Choosing an R Distribution with Machine Learning in Mind - dummies

Choosing an R Distribution with Machine Learning in Mind

By John Paul Mueller, Luca Massaron

You need to keep your machine learning goals in mind when choosing an R distribution. R is a combination of an environment and a language. It’s a form of the S programming language, which John Chambers originally created at Bell Laboratories to make working with statistics easier. Rick Becker and Allan Wilks eventually added to the S programming language as well. The goal of the R language is to turn ideas into software quickly and easily.

In other words, R is a language designed to help someone who doesn’t have much programming experience create code without a huge learning curve.

R is a freely downloadable product that can run most S code without modification; in contrast, you have to pay for S. R is a great choice. You can read more about R in general.

You don’t want to make sweeping generalizations about the languages used for machine learning. Both R and Python are popular languages for different reasons. Articles such as “In data science, the R language is swallowing Python” initially seem to say that R is becoming more popular for some reason. The author wisely backs away from this statement by pointing out that R is best used for statistical purposes and Python is a better general-purpose language.

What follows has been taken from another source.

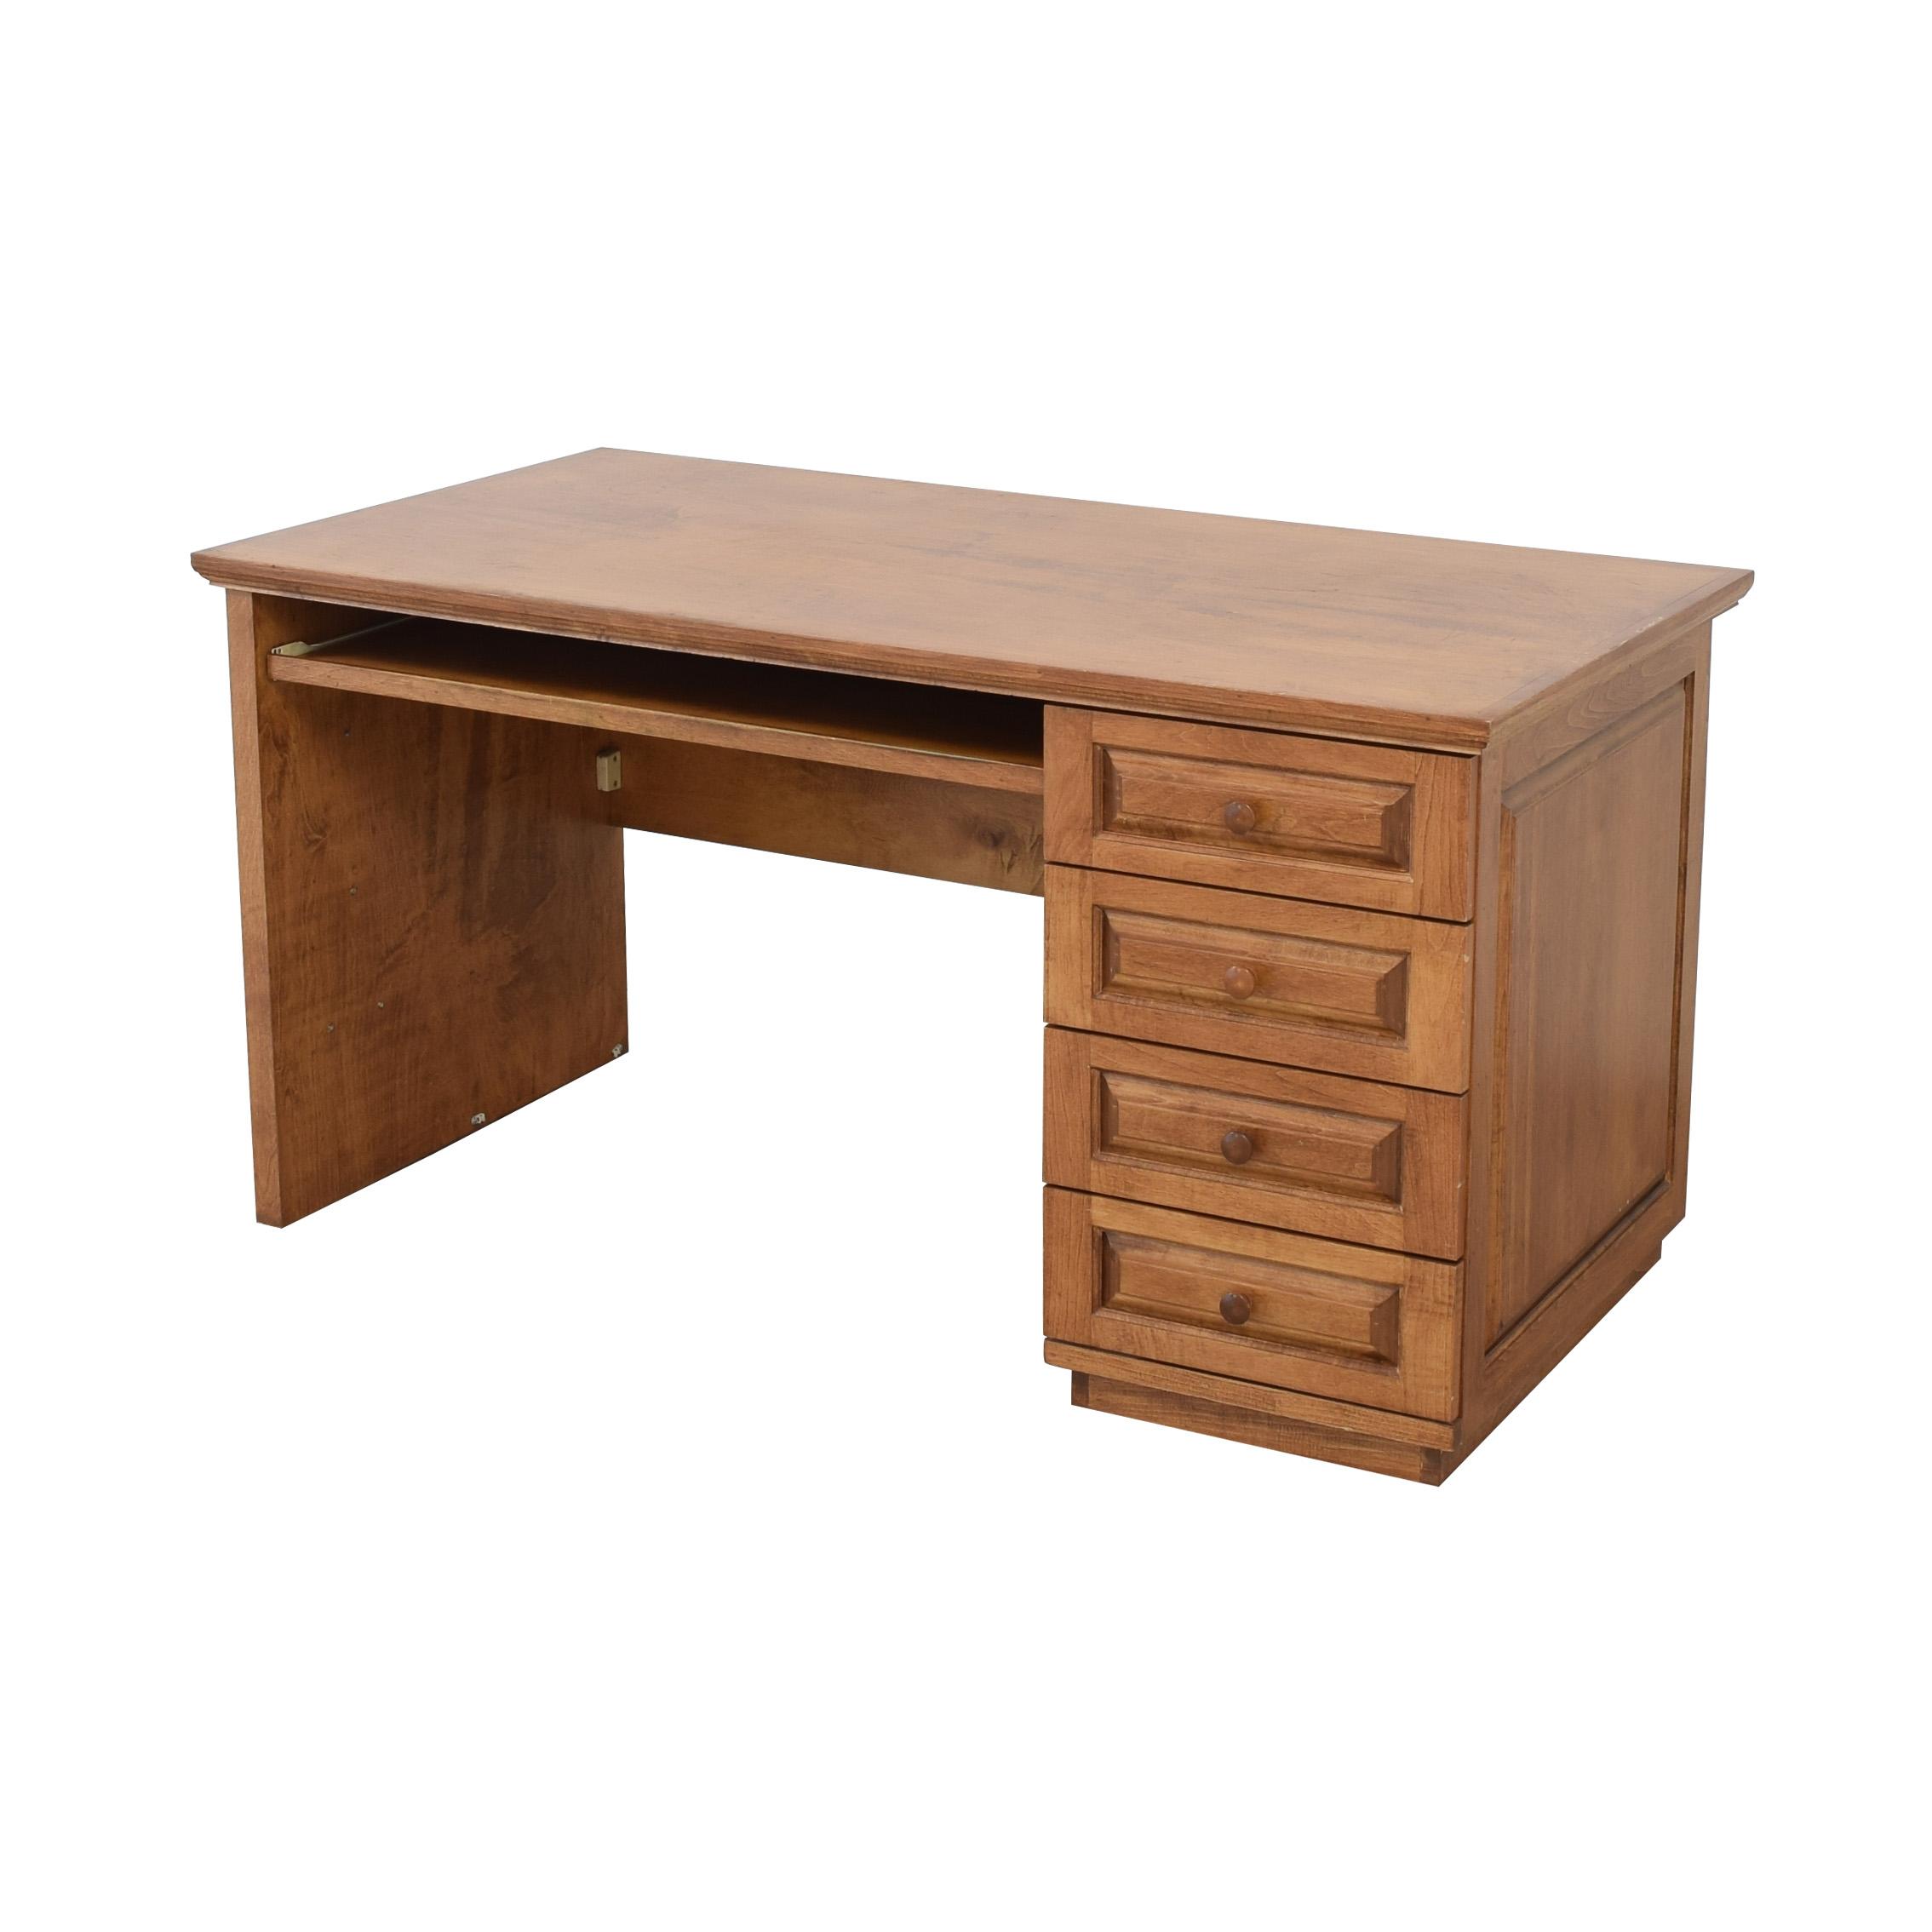 Gothic Cabinet Craft Gothic Cabinet Craft Executive Desk for sale

The best developers always have an assortment of programming tools in their tool belts to make performing tasks easier. Languages address developer needs, so you need to use the right language for the job. After all, all languages ultimately become machine code that a processor understands — a language that few developers understand any longer because high-level programming languages make development easier.

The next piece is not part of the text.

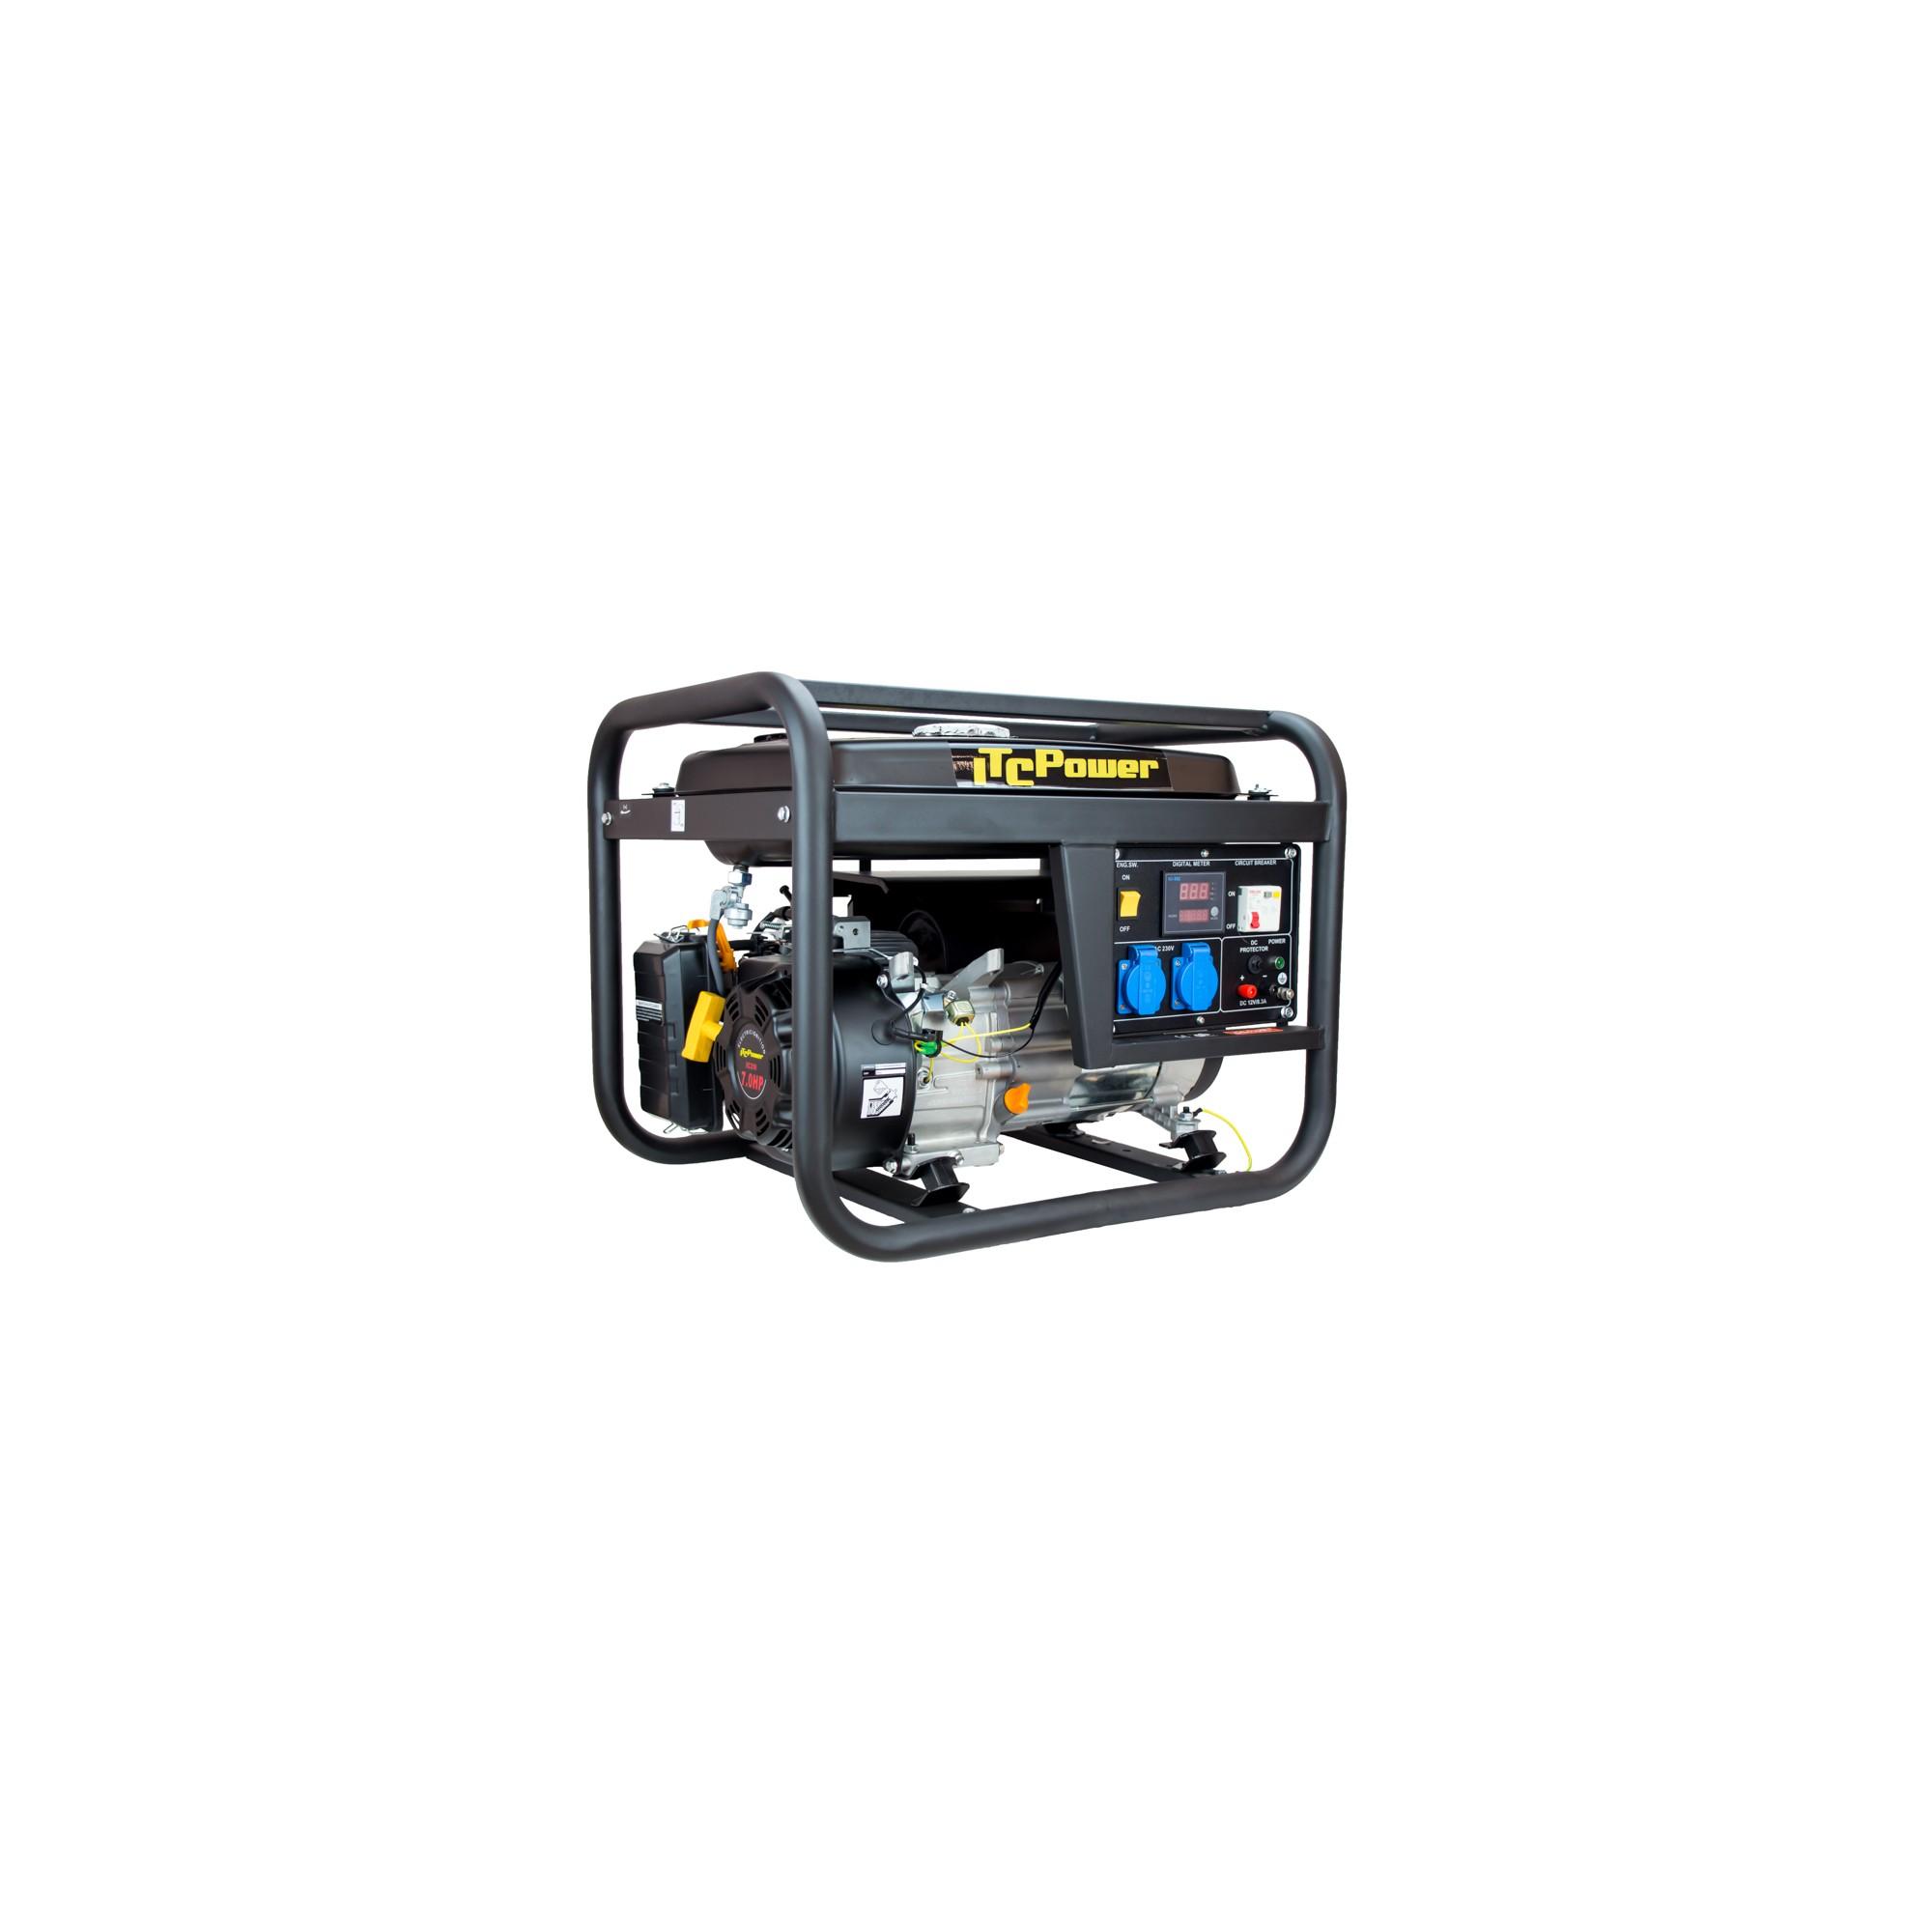 ITC POWER 3.200 Watt Benzin GG4100L Stromaggregat

You can get a basic copy of R from the Comprehensive R Archive Network (CRAN) site. The site provides both source code versions and compiled versions of the R distribution for various platforms. Unless you plan to make your own changes to the basic R support or want to delve into how R works, getting the compiled version is always better. If you use RStudio, as suggested in the next paragraph, you must also download and install a copy of R.

You can use the Desktop version of RStudio to make the task of working with R even easier. This product is a free download, and you can get it in Linux (Debian/Ubuntu, RedHat/CentOS, and SUSE Linux), Mac, and Windows versions.

You can try other R distributions if you find that you don’t like RStudio. The most common alternative distributions are StatET, Red-R (also available at Decisionstats.com), and Rattle. All of them are good products, but RStudio appears to have the strongest following and is the simplest product to use. You can read discussions about the various choices.